[SAAM Stories] Judy Baca On Her Mural Uprising of the Mujeres

Judith F. Baca, Uprising of the Mujeres, 1979, acrylic on six wooden panels, Smithsonian American Art Museum, Museum purchase through the Latino Initiatives Pool, administered by the Smithsonian Latino Center, and the Luisita L. and Franz H Denghausen Endowment, 2019.26A-F

October 4, 2022

SAAM talks with the artist about her inspirations and the process of creating a portable mural

by Wendy Rose and Claudia

Judith Baca is a painter, muralist, and scholar who works collaboratively within communities to create sites of public memory. Her public arts initiatives reflect the lives and concerns of populations that have been historically disenfranchised, including women, the working poor, youth, the elderly, LGBTQ+, and immigrant communities.  

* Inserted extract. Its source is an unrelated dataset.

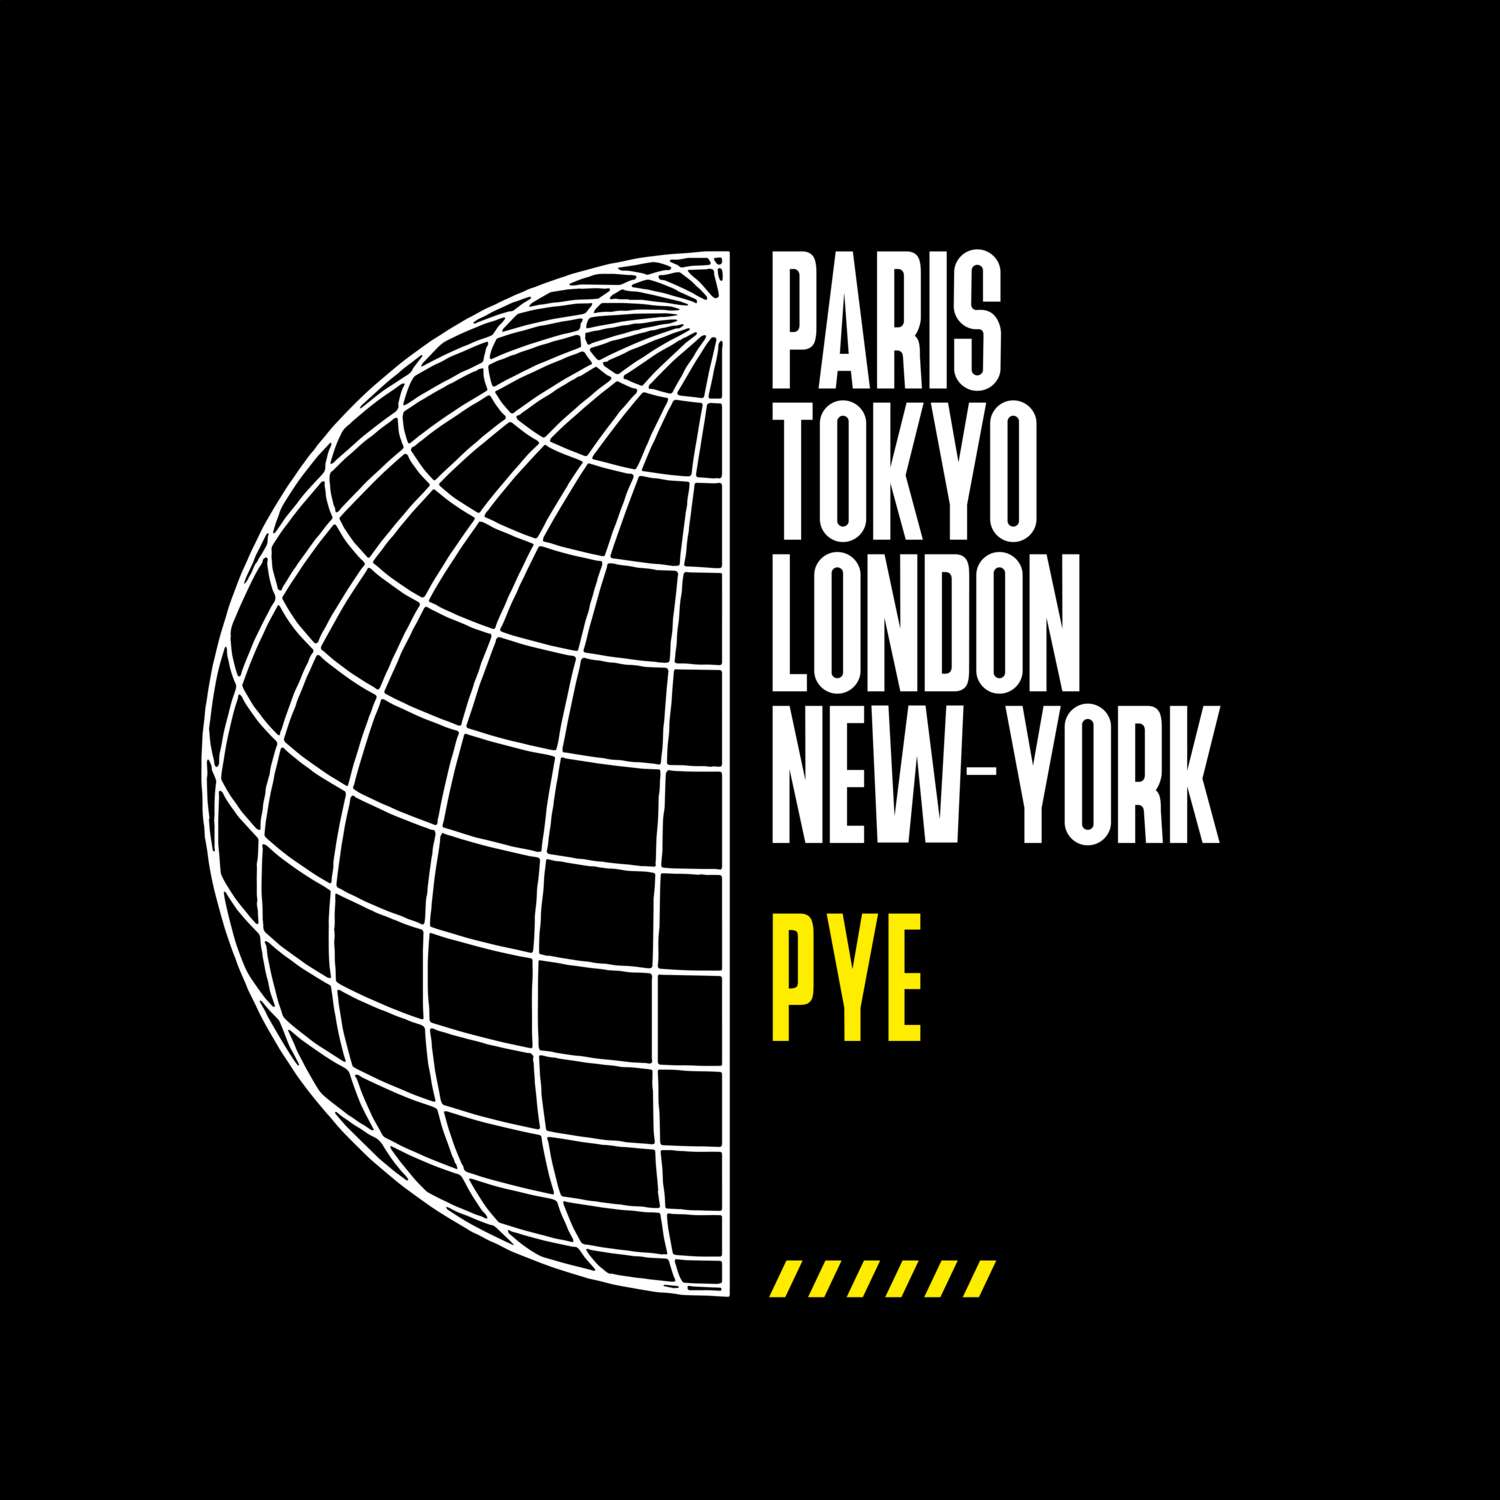 Pye T-Shirt »Paris Tokyo London«
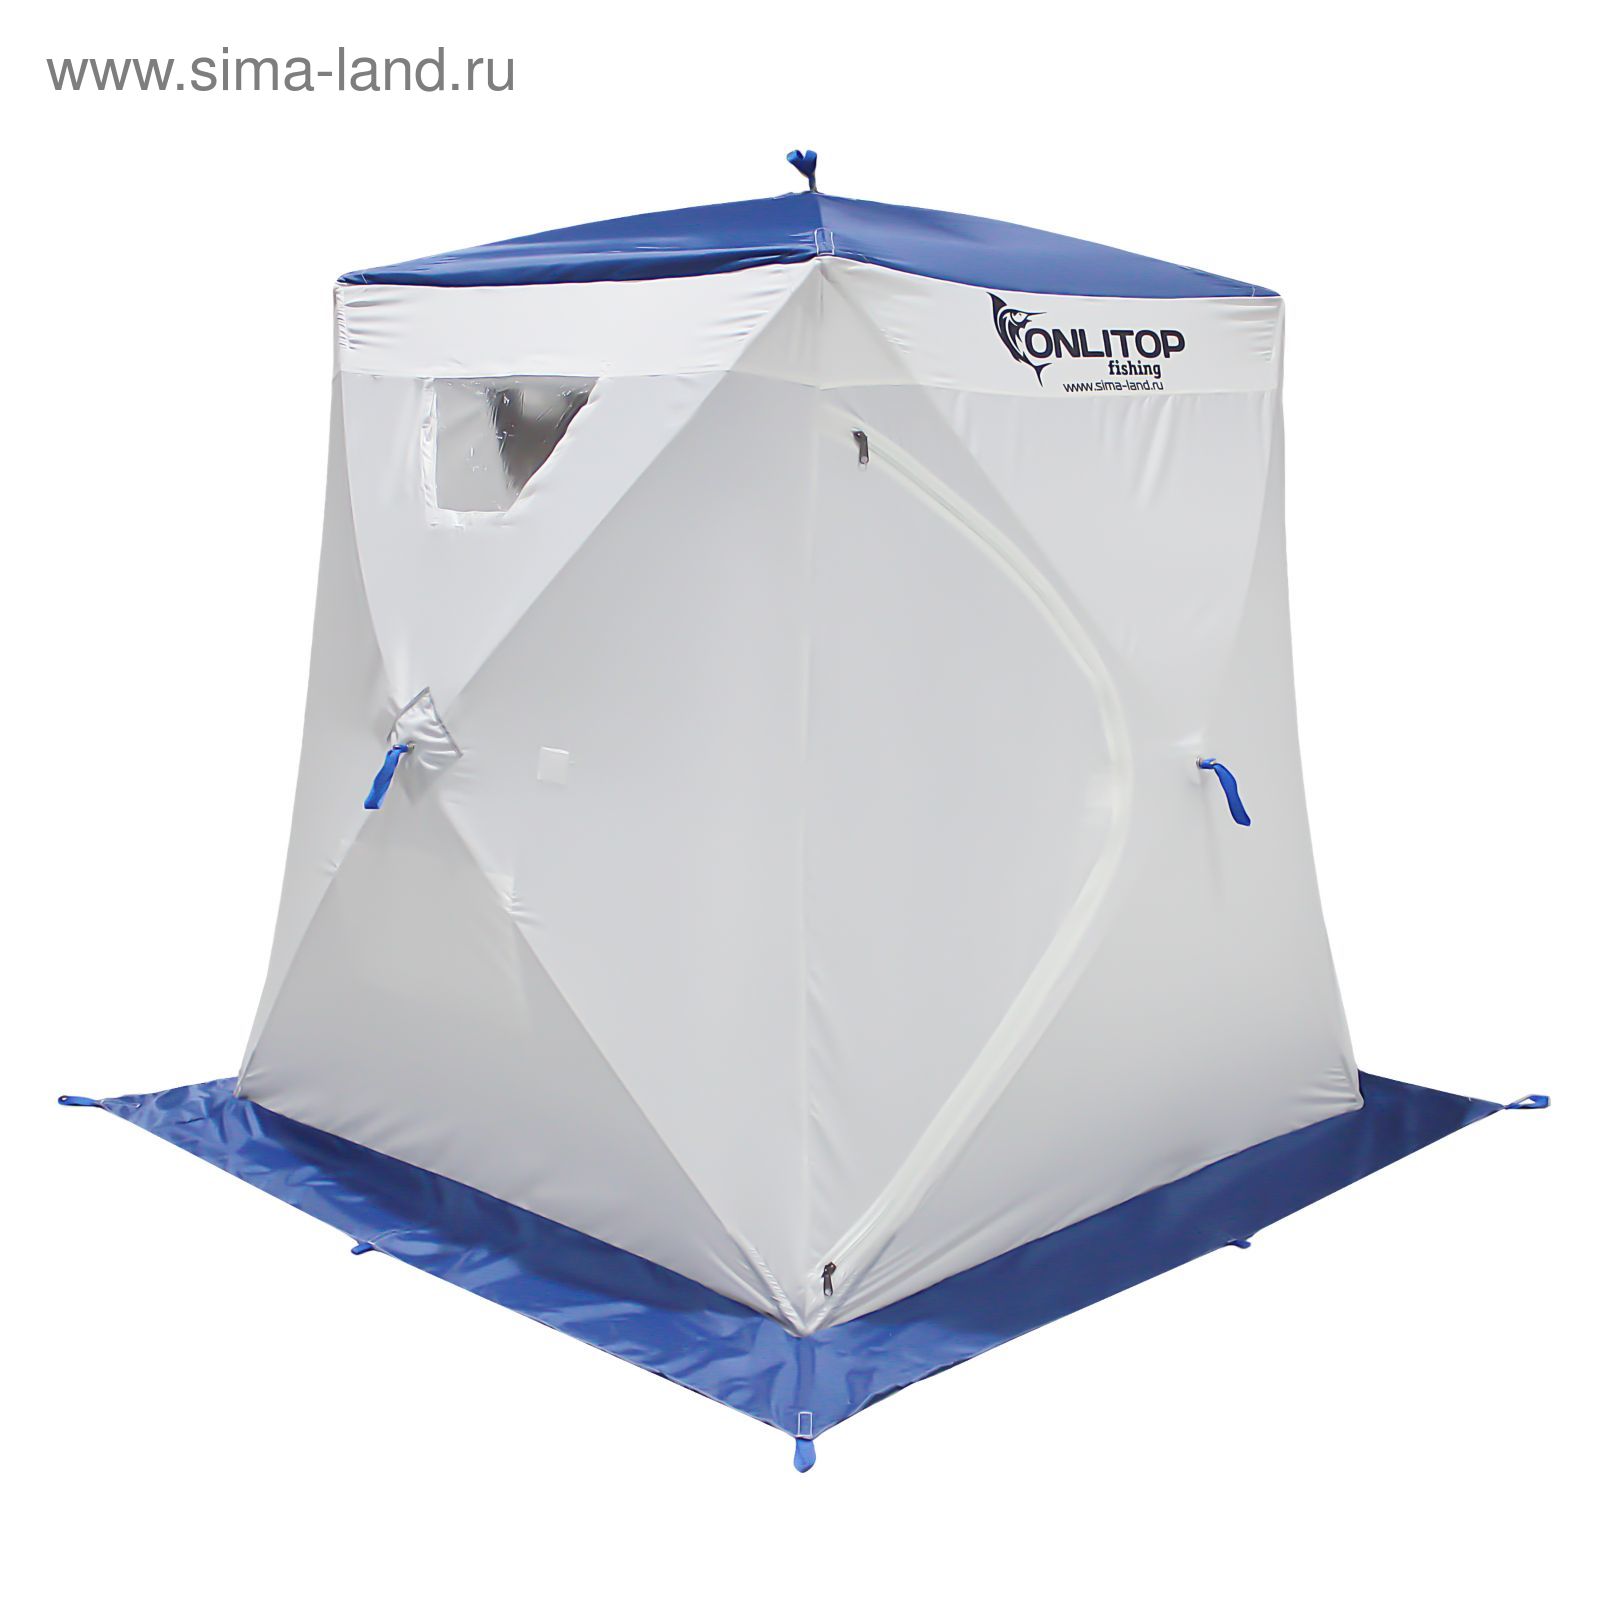 Палатка "Призма Люкс" 150, 1-слойная, цвет бело-синий

Editor’s note: In this interview, there are mentions of artworks that depict a rape scene and a murder. 

SAAM: Can you tell us what inspired your mural Uprising of the Mujeres?   

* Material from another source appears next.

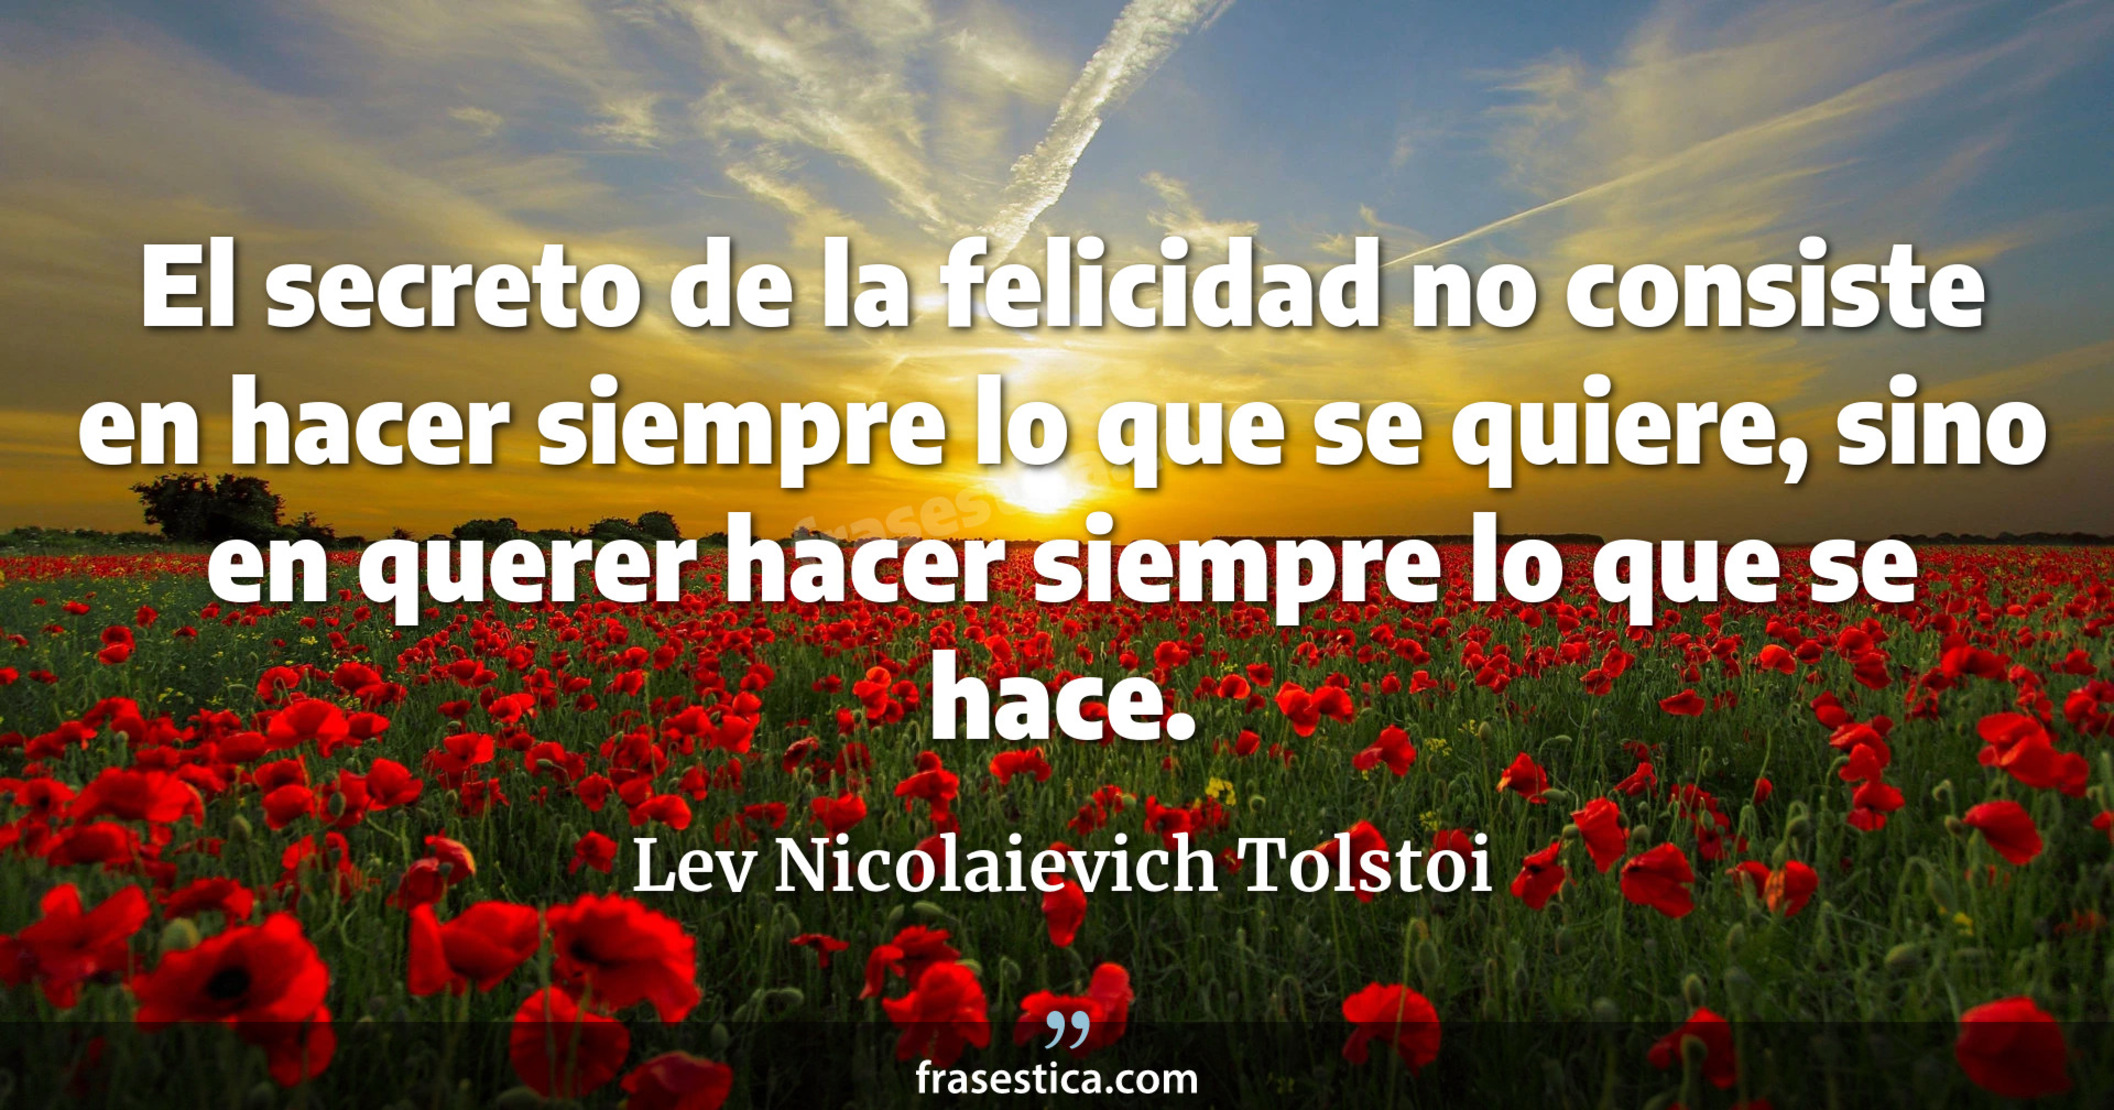 El secreto de la felicidad no consiste en hacer siempre lo que se quiere, sino en querer hacer siempre lo que se hace. - Lev Nicolaievich Tolstoi

Judy: In 1977, when I returned to Los Angeles from the Siqueiros Taller [a mural painting workshop in Mexico led by Luis Arenal and Angelica Siqueiros] this mural design, Uprising of the Mujeres, was rejected by the men on my team. The design my team chose was an image about consumerism. I could not participate in the making of the mural; it was an image that looked like a rape.  

It was hard for me to believe that they thought it was a good idea. But they felt that women were the basis of consumerism, as the new family leaders of economics; therefore, they were the ones to blame for all its perceived evils. Their design was a critique of consumerist policies and practices, in the sense that, very much like Mexican muralist Jose Clemente Orozco’s piece Catharsis in the Palacio de Bellas Artes, it was an image that blamed women. In the case of Orozco’s amazing artwork, the woman is at the basis of war, and in the case of the team in Taller, she’s at the basis of consumerism. Since I was the only woman in the workshop of twenty-two men it was hard to find support for my position.  

I designed an alternative image that was rejected. There was only one man on the team that supported my idea of a powerful Indigenous woman coming out of the fields. He was a Chicano from south Texas. I was encouraged by him. When I came home, I finished the design and put it on panels, very similar in terms of scale to a mural, and painted it at the Social and Public Art Resource Center (SPARC) in LA.